The nineteenth step of the method is selecting another digital audio format and bit ordering and returning to the third step if additional digital audio formats and bit orderings are to be tested. Otherwise, proceeding to the next step.

The twentieth step of the method is identifying the converted digital audio file having the maximum assigned integer.

The twenty-first step of the method is determining the format and bit ordering of the received digital audio file to be that of the assumed format associated with the converted digital audio file identified in the twentieth step.

BRIEF DESCRIPTION OF THE DRAWINGS

FIG. 1 is a flowchart of the steps of the present invention.

DETAILED DESCRIPTION

FIG. 1 is a flowchart of the present invention.

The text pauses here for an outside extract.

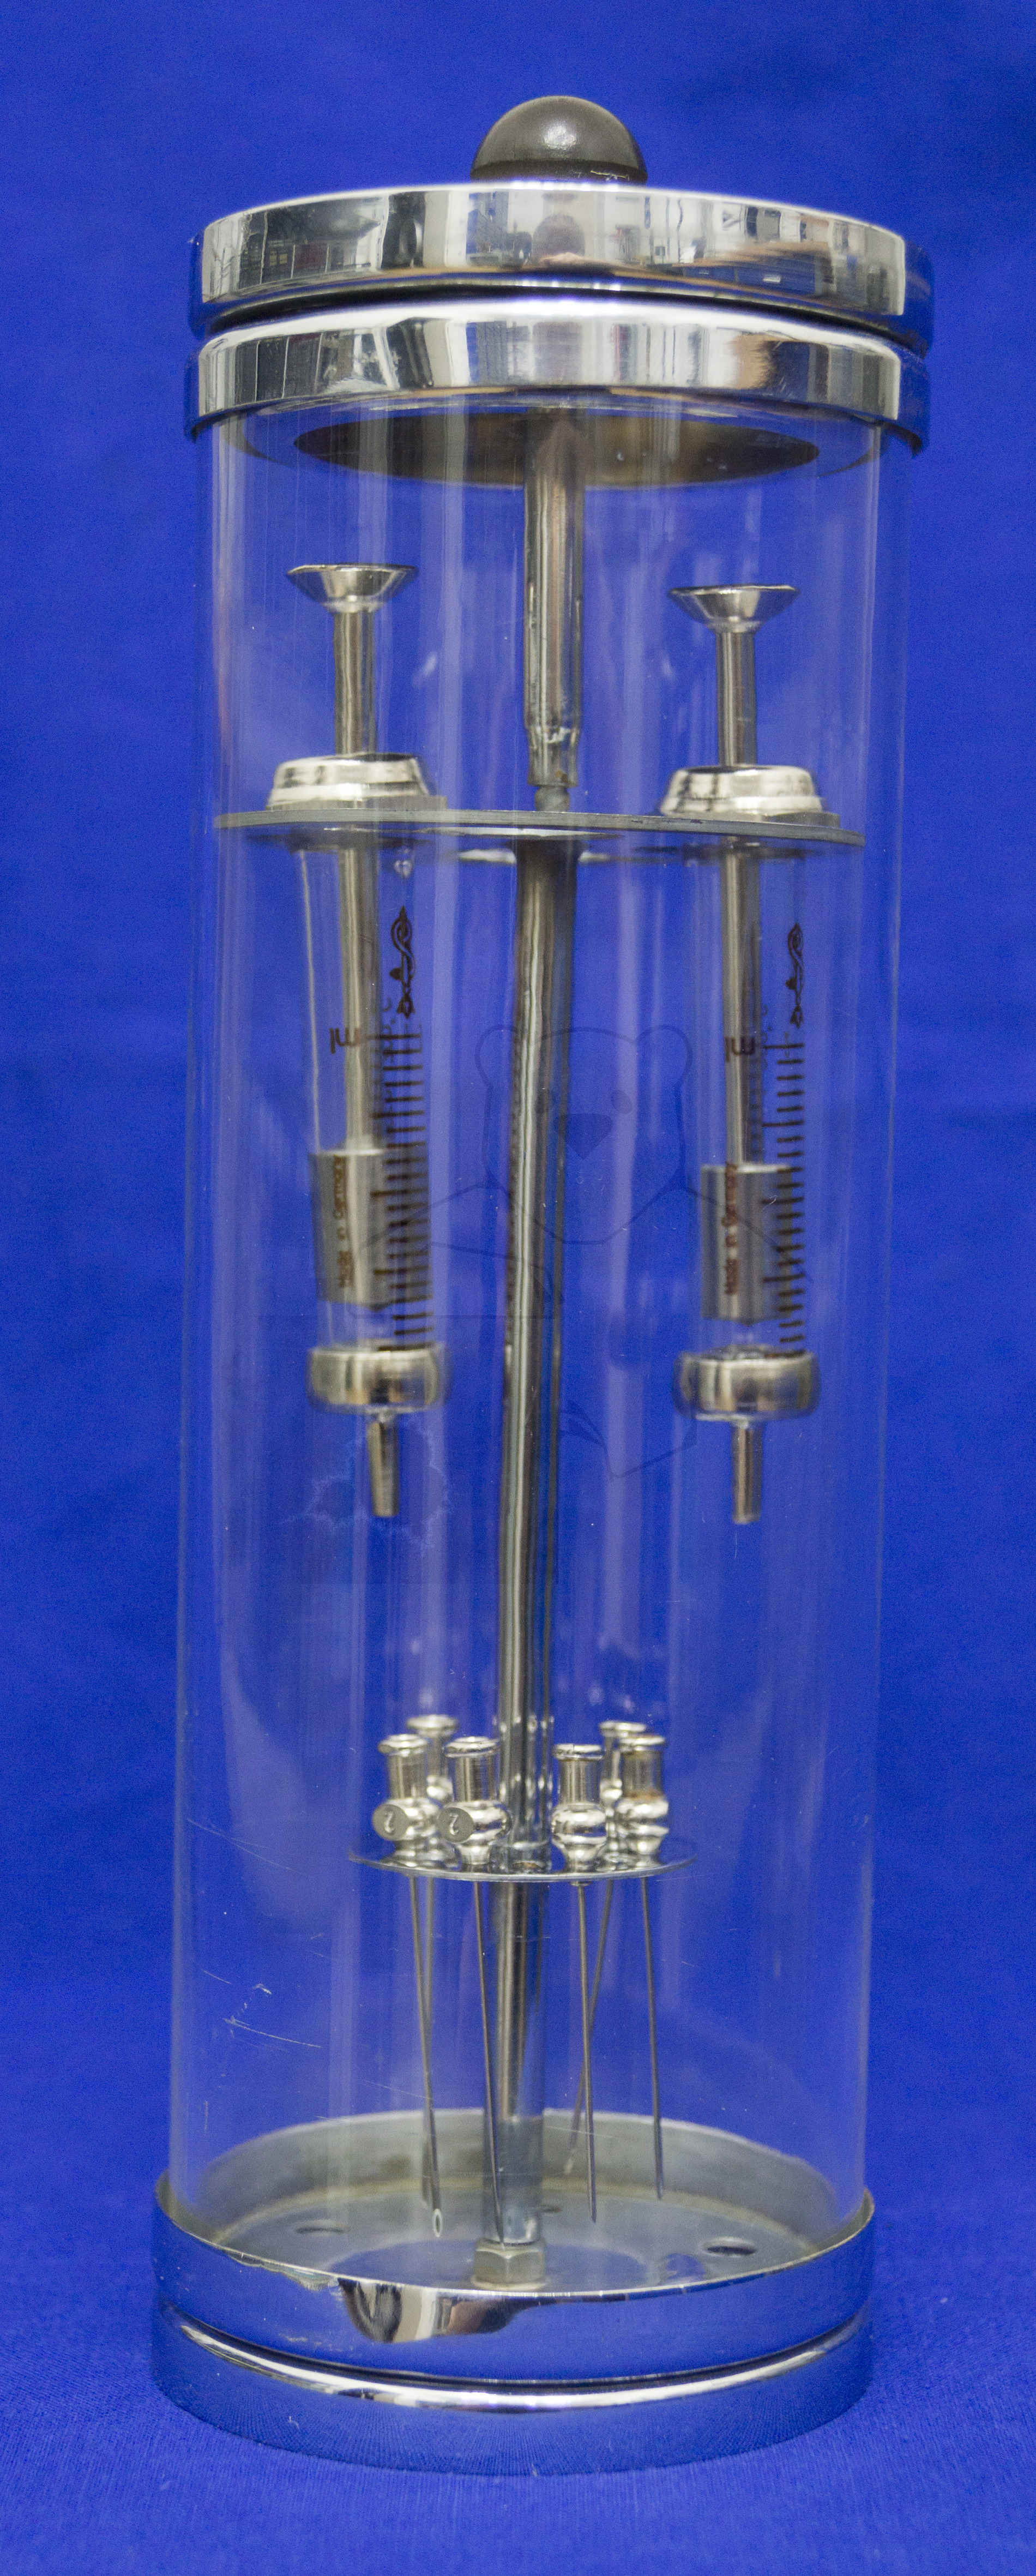 Glaszylinder zum Spritzen auskochen, Komplett montiert, mit Glaskolben
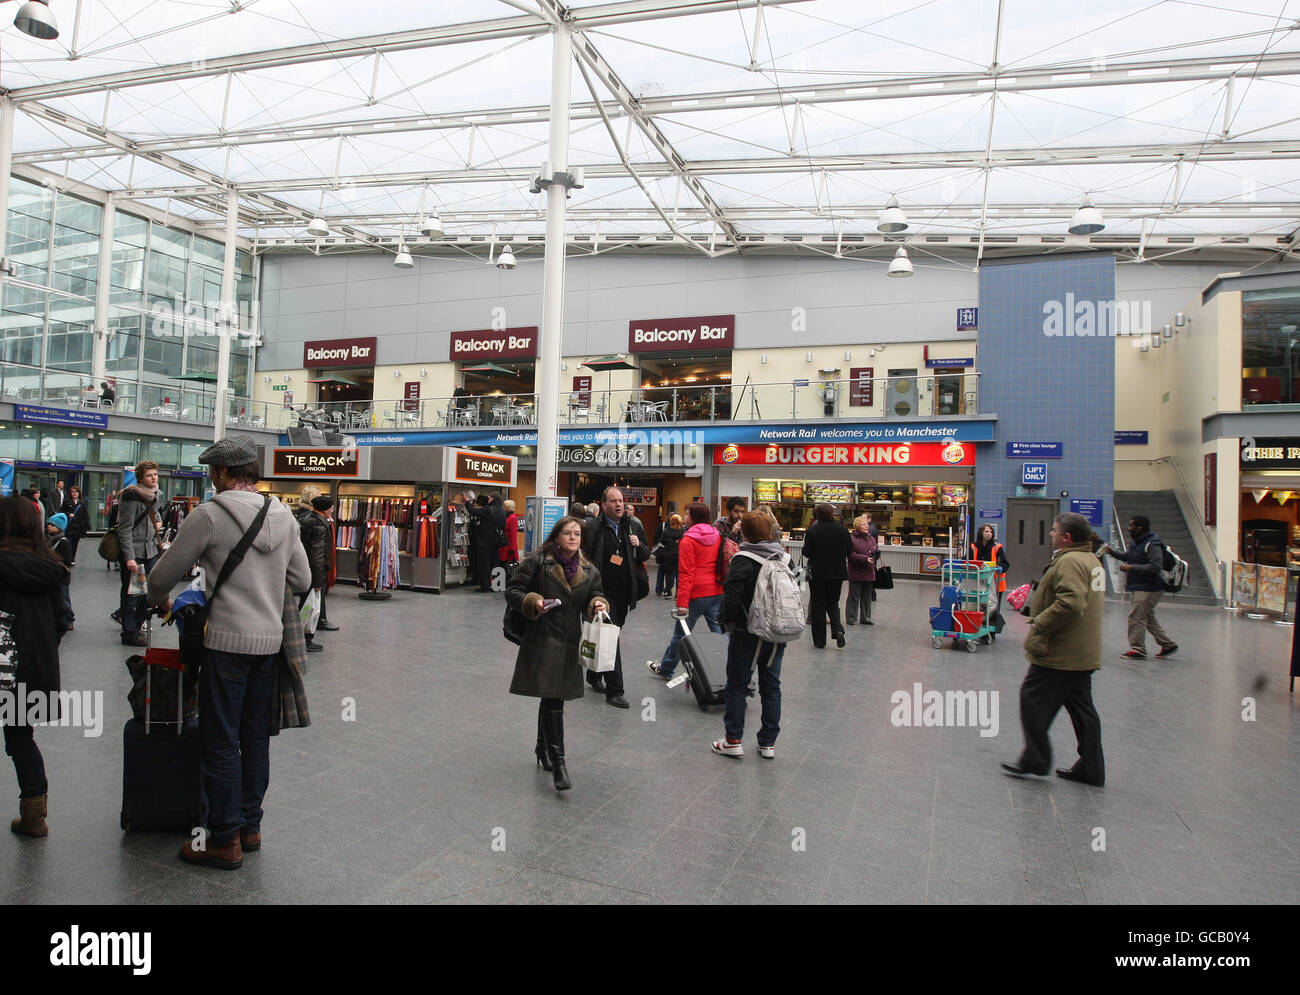 Ein allgemeines Bild des Bahnhofs Manchester Piccadilly. Stockfoto

The first step 1 of the method is receiving the digital audio file, where the file includes binary integers that represent the components of the audio signal contained in the file. The received file may be in any digital audio format. Examples of some digital audio formats are listed above.

The second step 2 of the method is converting the digital audio file from a user-assumed digital audio format and bit ordering to a user-definable digital audio format and same bit ordering. In the present invention, the user assumes that the received file is in any integer of candidate formats and bit orderings. The received file will then be converted from the assumed format and analyzed. The converted file that is analyzed most favorably as described by the following steps will be identified as the correct format of the received file. In the first step 1, the user selects the first assumed format to be analyzed. In a subsequent step, another format and bit ordering will be selected and analyzed. This process will continue until the user has analyzed each format and bit ordering that he desires. Examples of bit ordering include Most Significant Bit First (MSBF) and Least Significant Bit First (LSBF). For example, if an audio sample is represented by the integer 23 then it may be represented in binary as either 10111 in MSBF or as 11101 in LSBF. Since each format assumed by the user, there are two possible bit orderings. Therefore, 2N analyses must be performed for N formats assumed. The format of the analysis that results in the highest figure-of-merit is determined to be the format of the received file. In the preferred embodiment, the received file is converted from its assumed format and bit ordering to an 8-bit linear format sampled at 8 KHz, in the same bit ordering.

Converted digital audio files often include long runs of the same, or nearly the same, integer. Such runs take up processing time and do not add proportionately to the accuracy of the result. So, they may be eliminated. In an alternate embodiment, runs of the same, or nearly the same, integer are removed. In the preferred embodiment, a run includes nearly the same integer if no integer in the run differs from any other integer in the run by at most 2.

Digital audio files may employ a large range of integers for better fidelity (e.g., −128 to 128). Using the full range of values takes up processing time and does not add proportionately to the accuracy of result. Therefore, the range of integers in the converted file may be limited. In a second alternate embodiment, integers in the converted file that are outside of a user-definable range are removed. In the preferred embodiment, the user-definable integer range is −15 to 15.

The third step 3 of the method is dividing the converted digital audio file into user-definable blocks. In the preferred embodiment, the converted digital audio file is divided into blocks containing samples comprising 4 seconds in duration at a sampling rate of 8 KHz.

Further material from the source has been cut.